### WHAT TO PRODUCE
What the task requires is an exact printout of the listing below, pictures excluded.

### DATASET CONTENT

◇ ◇ ◇ ◇

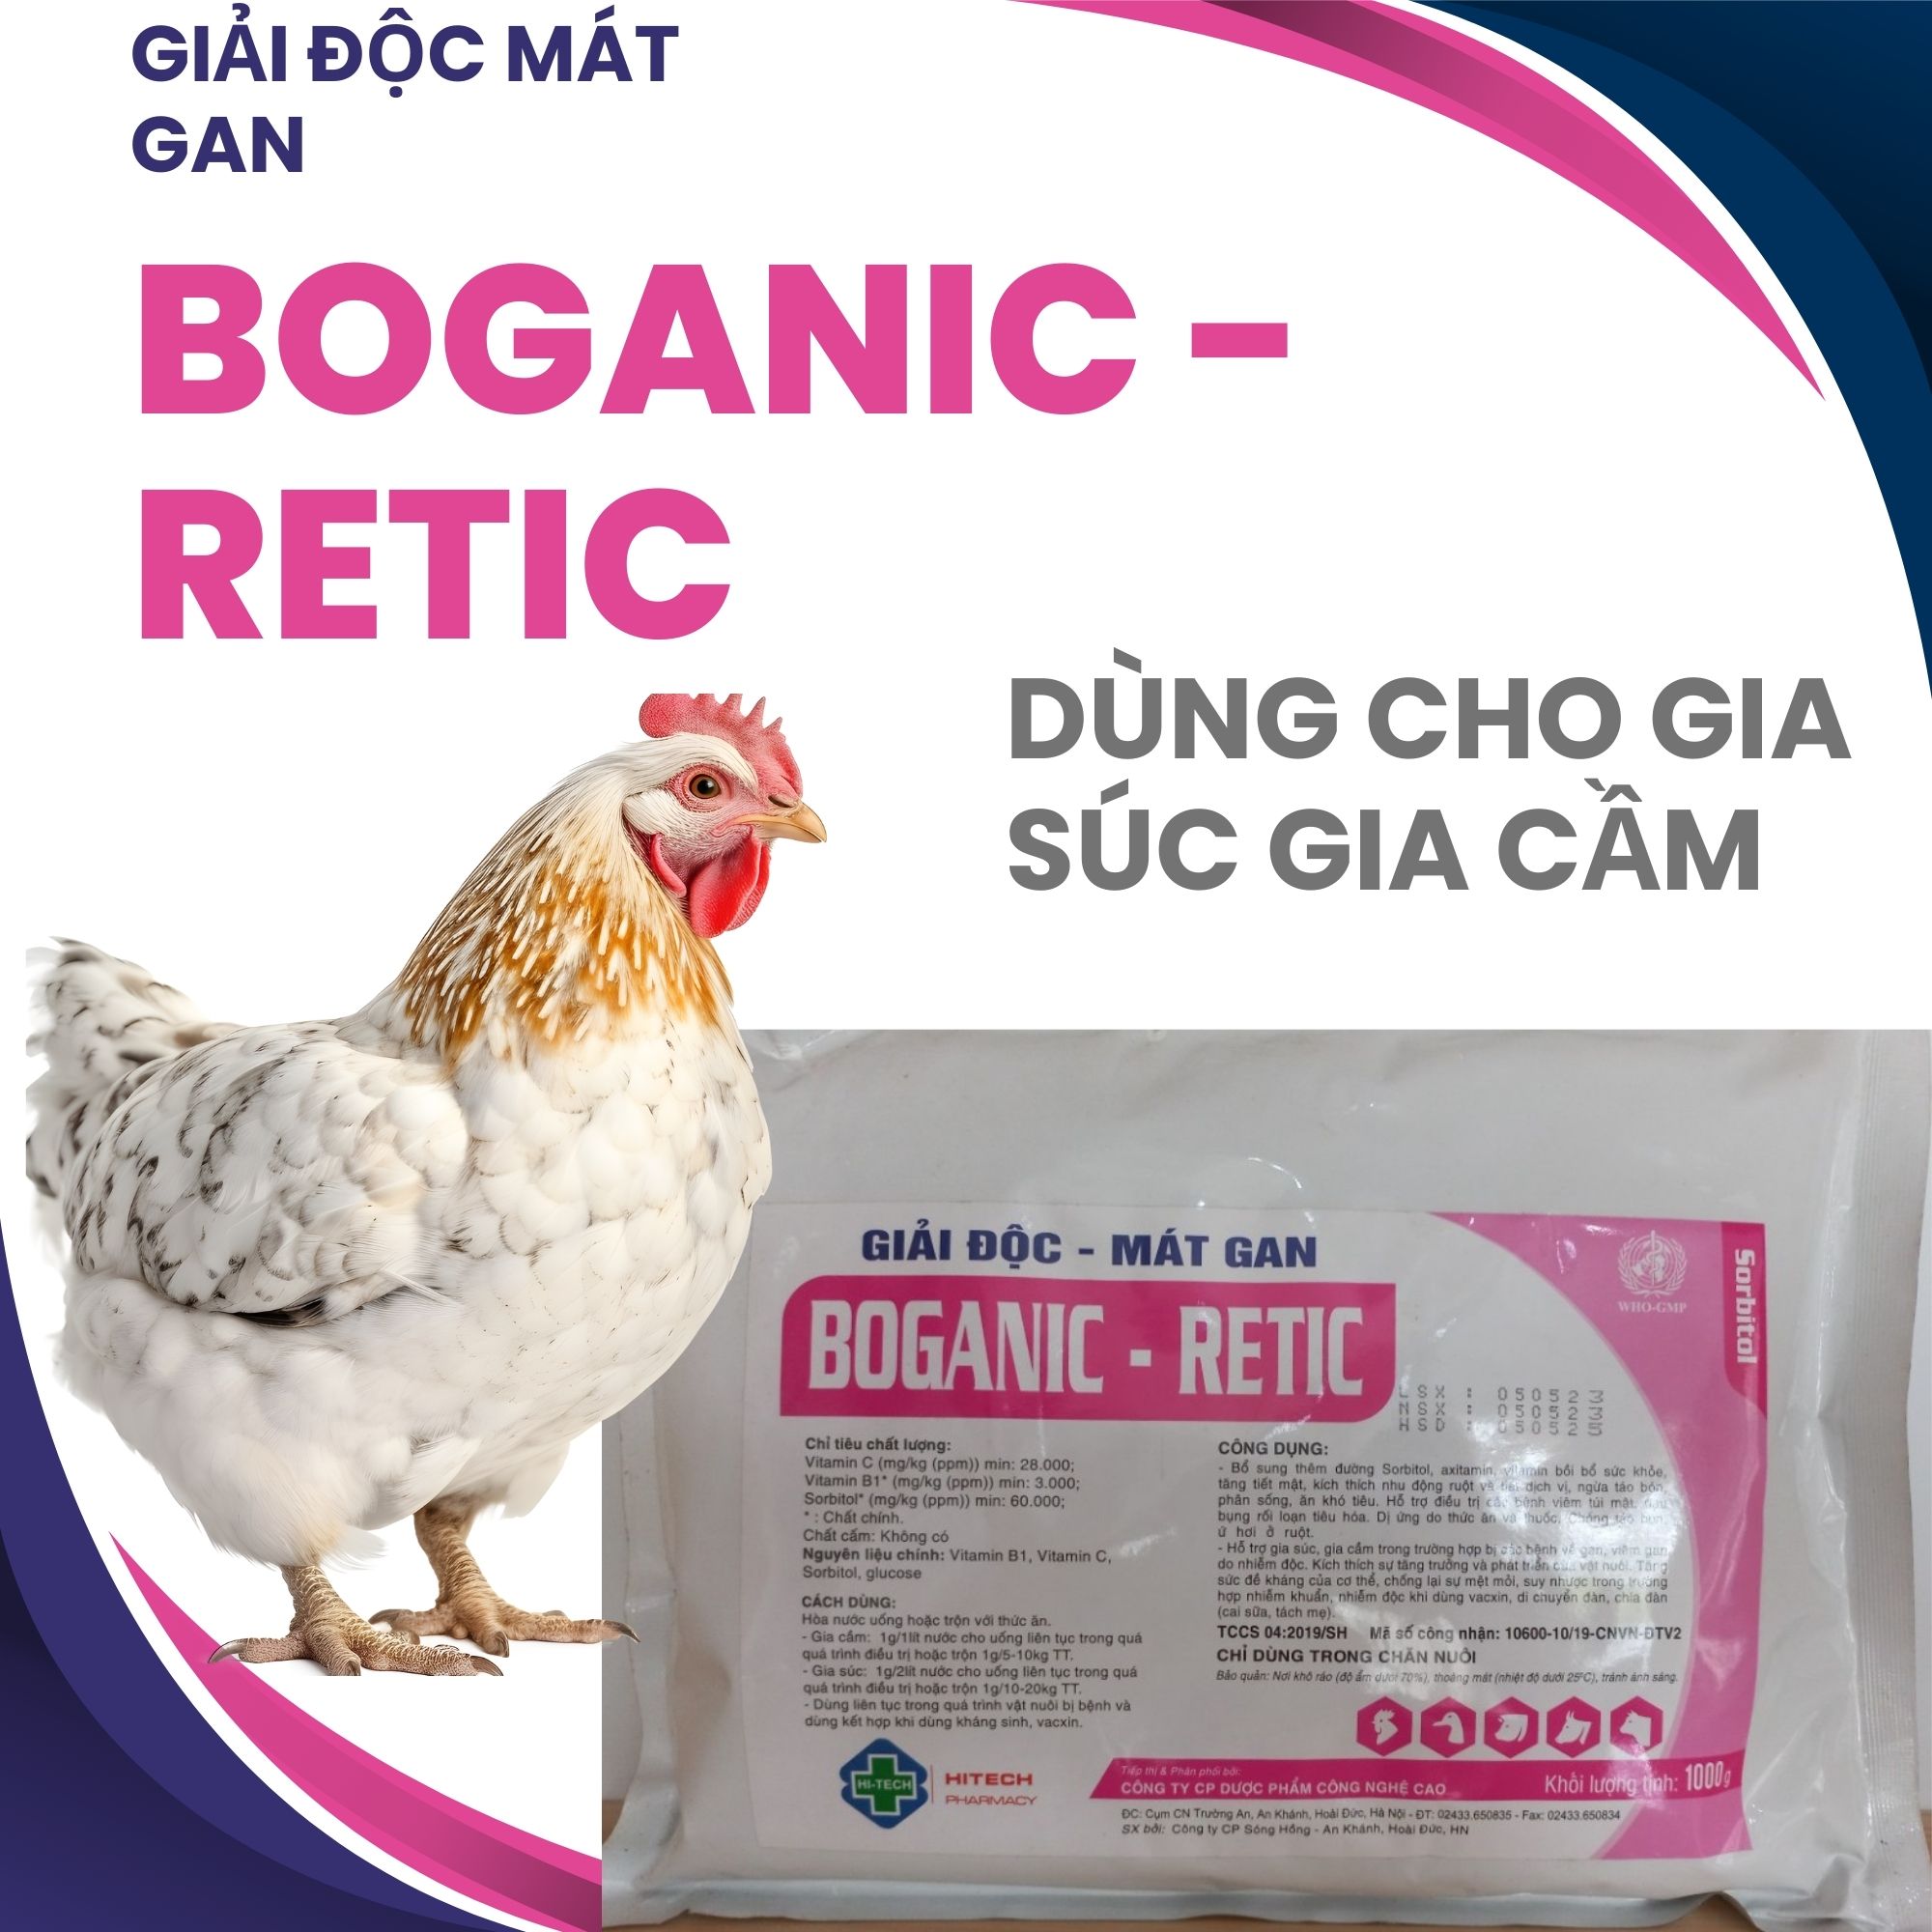 Boganic - Retic giải độc mát gan  dành cho gà vịt heo bò giải độc cấp gan thận
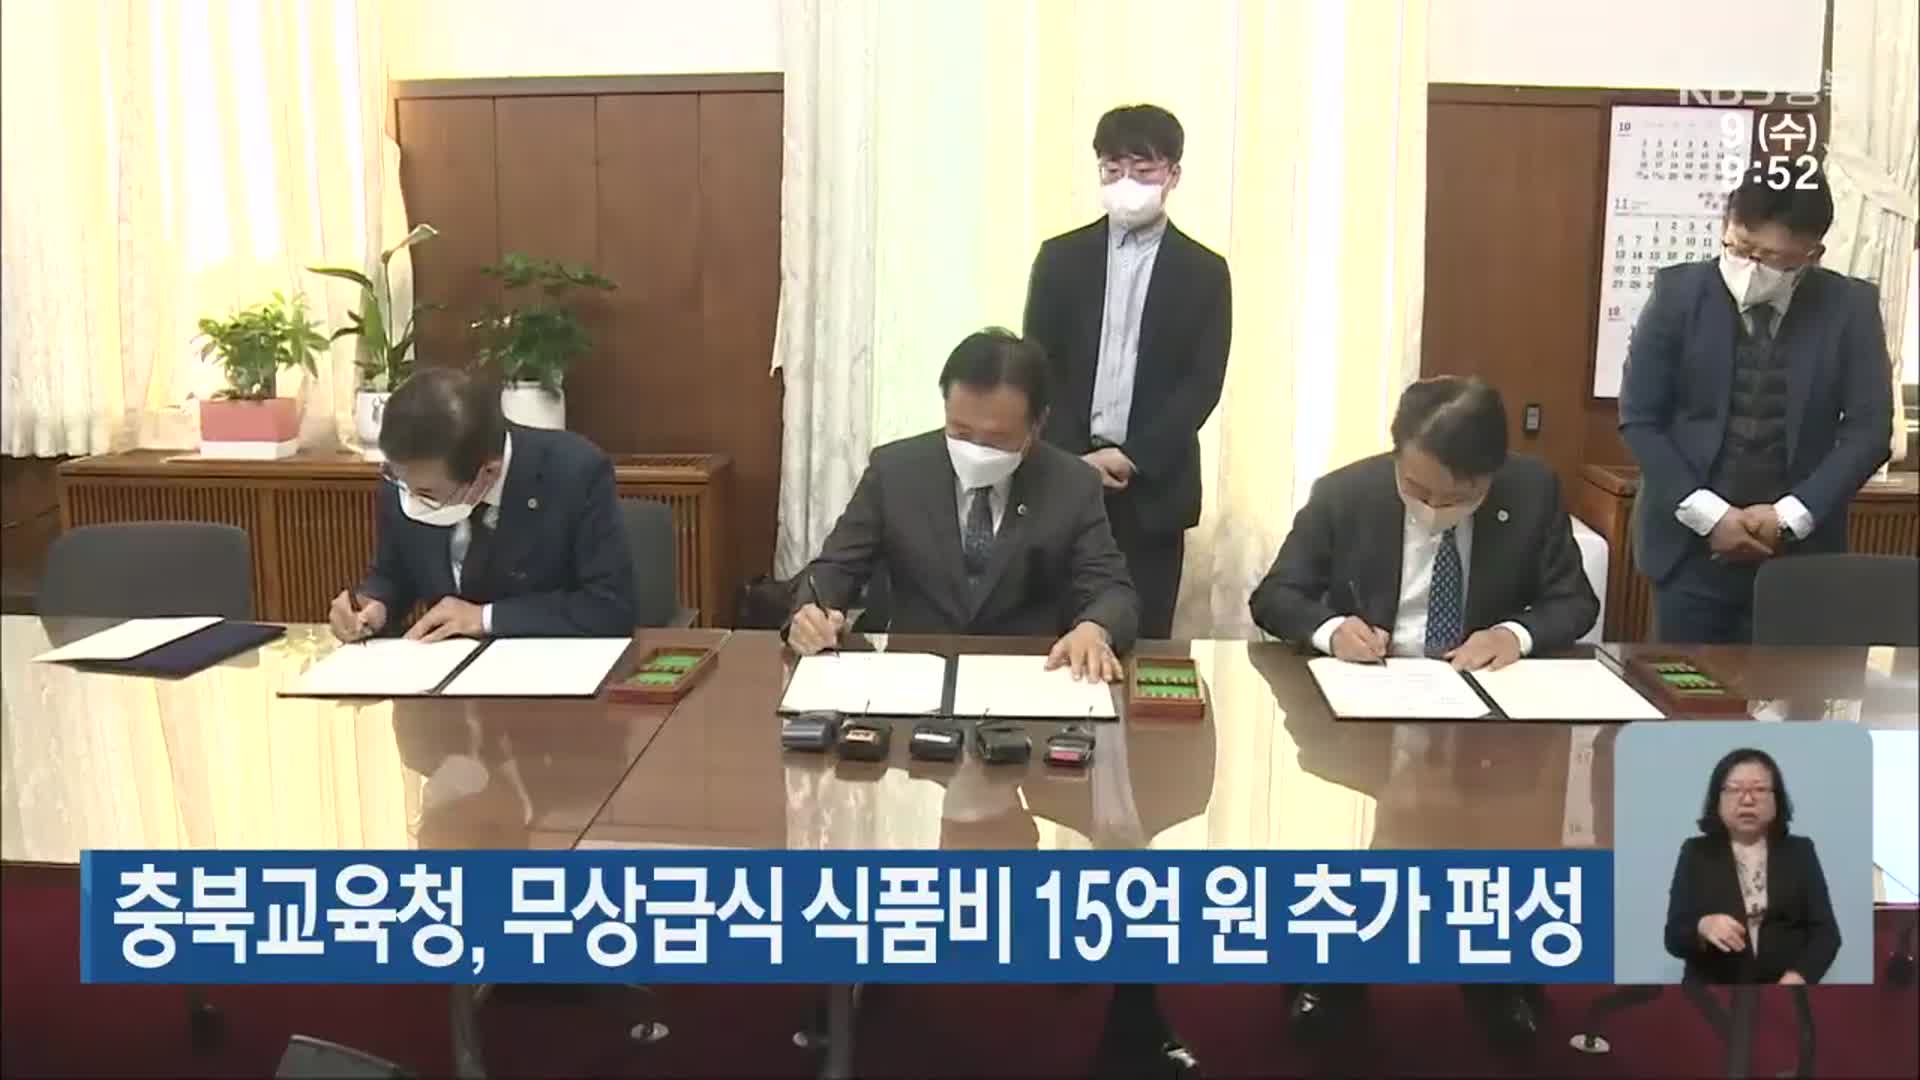 충북교육청, 무상급식 식품비 15억 원 추가 편성
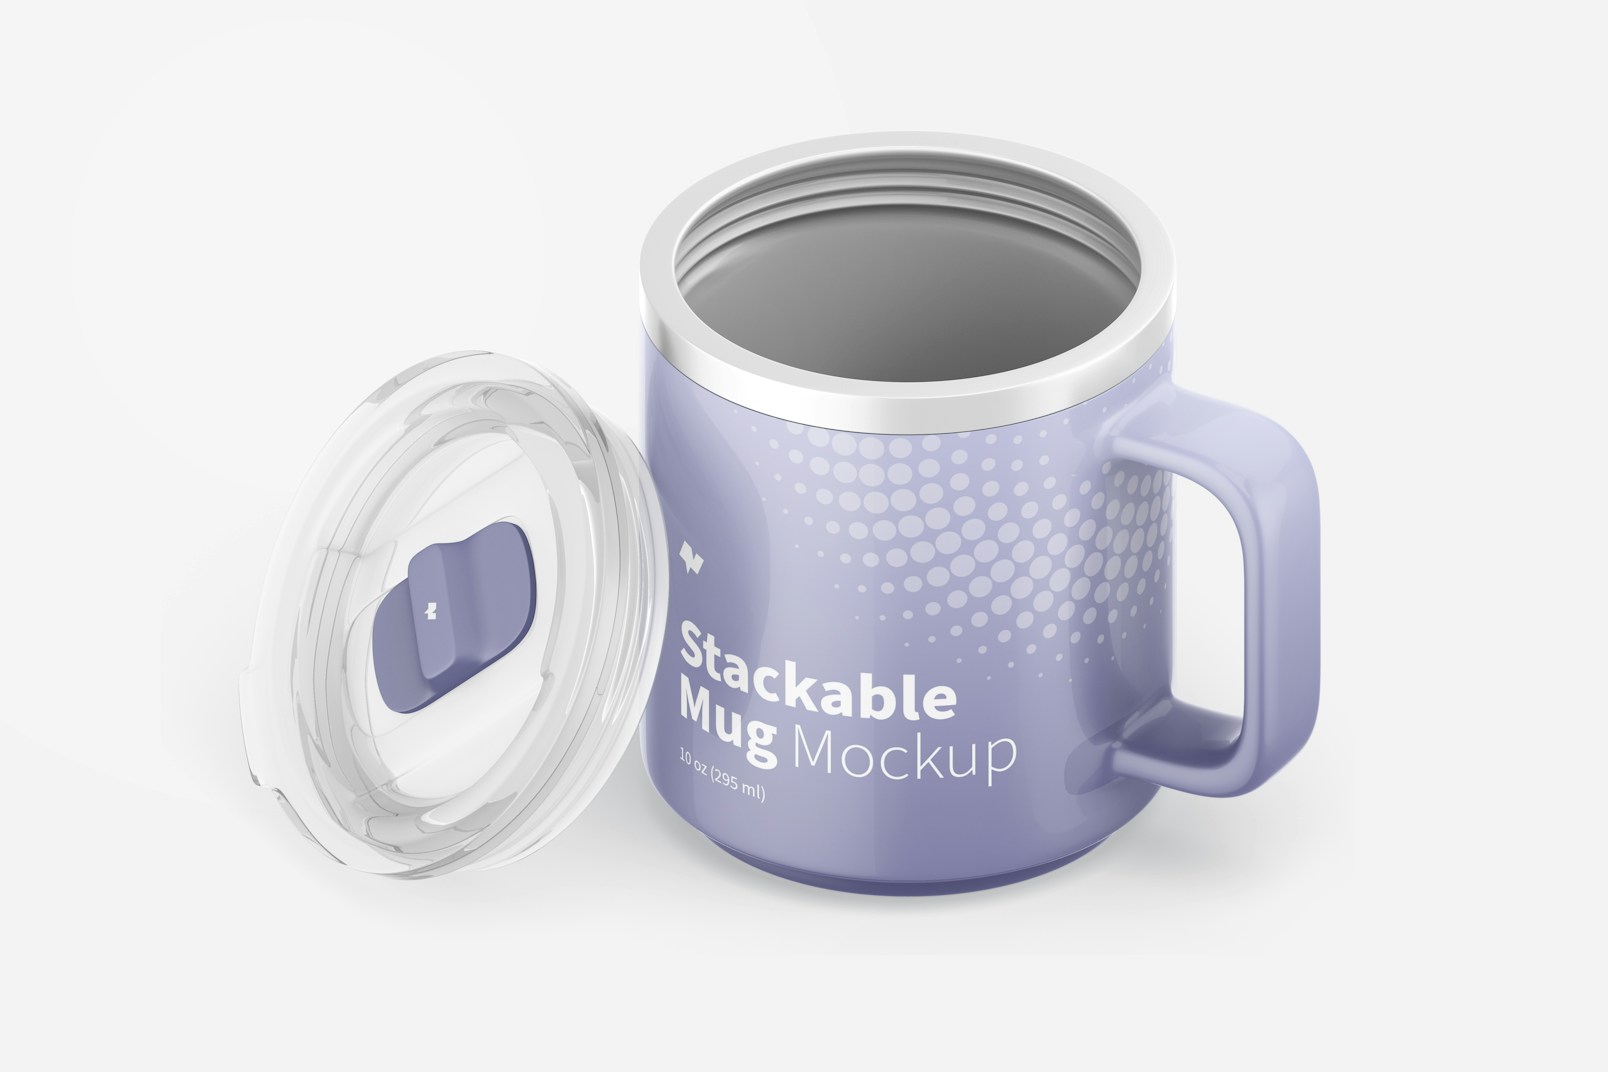 10 oz Stackable Mug Mockup, Isometric View Opened

◇ ◇ ◇ ◇

### OUTPUT FOR THIS EXERCISE
 Boganic - Retic giải độc mát gan  dành cho gà vịt heo bò giải độc cấp gan thận
 충북교육청, 무상급식 식품비 15억 원 추가 편성
 10 oz Stackable Mug Mockup, Isometric View Opened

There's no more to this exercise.